I saw the Cove bike, but that would be too expensive (around 9,000?). The Voodoo frames accept 100mm forks, so I'm not sure about using my Fox there. Well, I might get a 100mm frame and set the Talas to that, but I would like to go higher.

Anyway, I'll update on what frame I finally decide....


Edit:
Anyone know how much does it cost to mail a frame from the States to Mexico? I'm thinking I'm not going that route, but I just want to cover all bases. What about customs?


----------



## 545cu4ch (Aug 11, 2005)

rzozaya1969 said:


> Hi Guys... the guy at Citybike told me that his supplier didn't ship the Lizzard and another bike... so I'm frame hunting again...
> 
> I talked to Abel, and I'm looking at some frames. The deal is, I need a HT that accepts a 130mm fork (or close to that).
> 
> ...


Damn, that sucks....:eekster: 
How about an Azonic steelhead? Steel frame, adjustable dropouts, can handle a double crown fork....:thumbsup: They have it at Bici5 for 2700 pesos. Pretty cheap if you ask me! :aureola:


----------



## the last biker (Oct 12, 2005)

*Beatiful hardtail frame*

Rzozaya :
Maybe if you want to have a very special and beatiful hardtail frame , try the Ghost Special Edition HT frame, looks great ,nice finish, excellent welds and geometry ,very good reputation (mainly in Europe) and affordable price , well at least in my FBS (fraccionamiento bike store )

Regards

the last biker.


----------



## ritopc (Jul 3, 2004)

rzozaya1969 said:


> Hi Guys... the guy at Citybike told me that his supplier didn't ship the Lizzard and another bike... so I'm frame hunting again...
> 
> I talked to Abel, and I'm looking at some frames. The deal is, I need a HT that accepts a 130mm fork (or close to that).
> 
> ...


Cove´s are nice, but way overrated. At least that was what my Canadian friends use to told me. It was kinda cult brand back in the shore.

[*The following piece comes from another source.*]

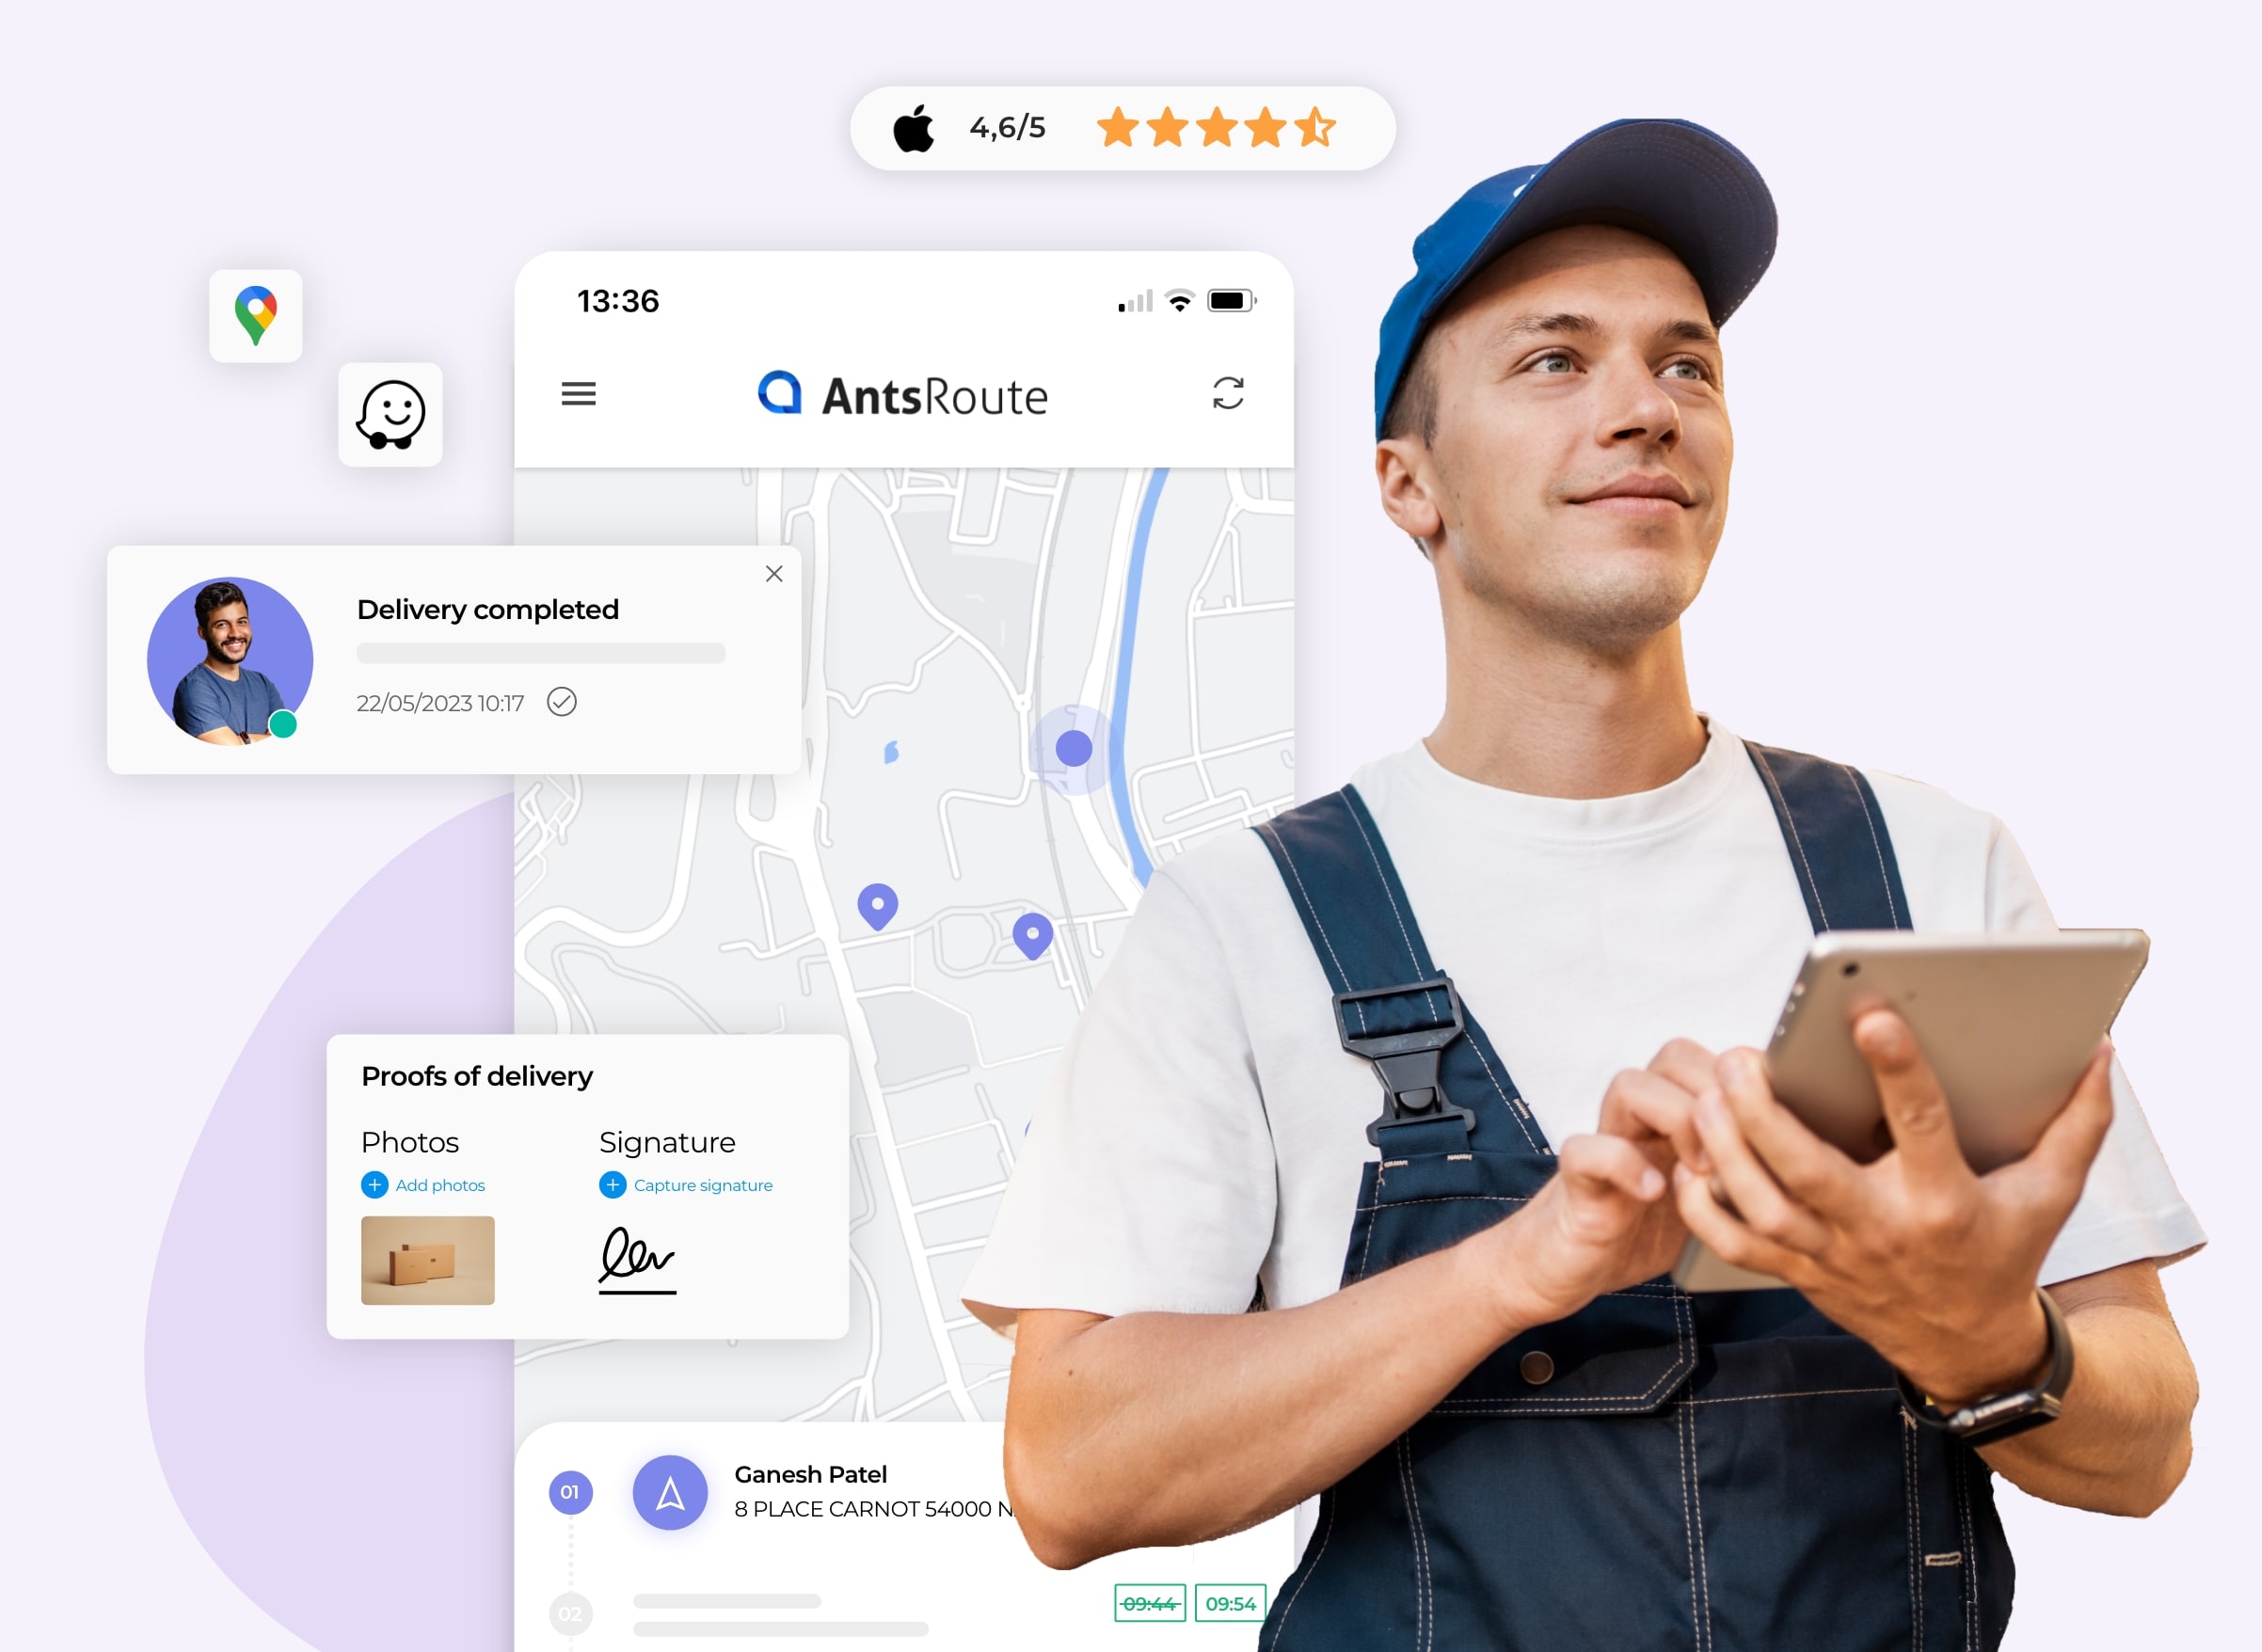 The AntsRoute platform makes work easier for your delivery drivers.

And talking of Canadian "boutique" brands, take a look at Chromag´s stylus. Chromag makes really nice steel bikes; not the cheapest one´s though.

I recently spoke with Ian Ritz at Chromag about one of their frames (stylus), it is sold for 750 CAD (x-rate almost the same as USD), and they can ship it directly to México. Shipping is about 300 bucks (UPS), and he told me he could gimme a 100 CAD discount on the frame to compensate for the expensive shipping. I'm almost sure if you contact them, you could talk them to a greater discount.

Just an idea... an expensive one though 

OTOH... the steelhead is such a nice and affordable frame.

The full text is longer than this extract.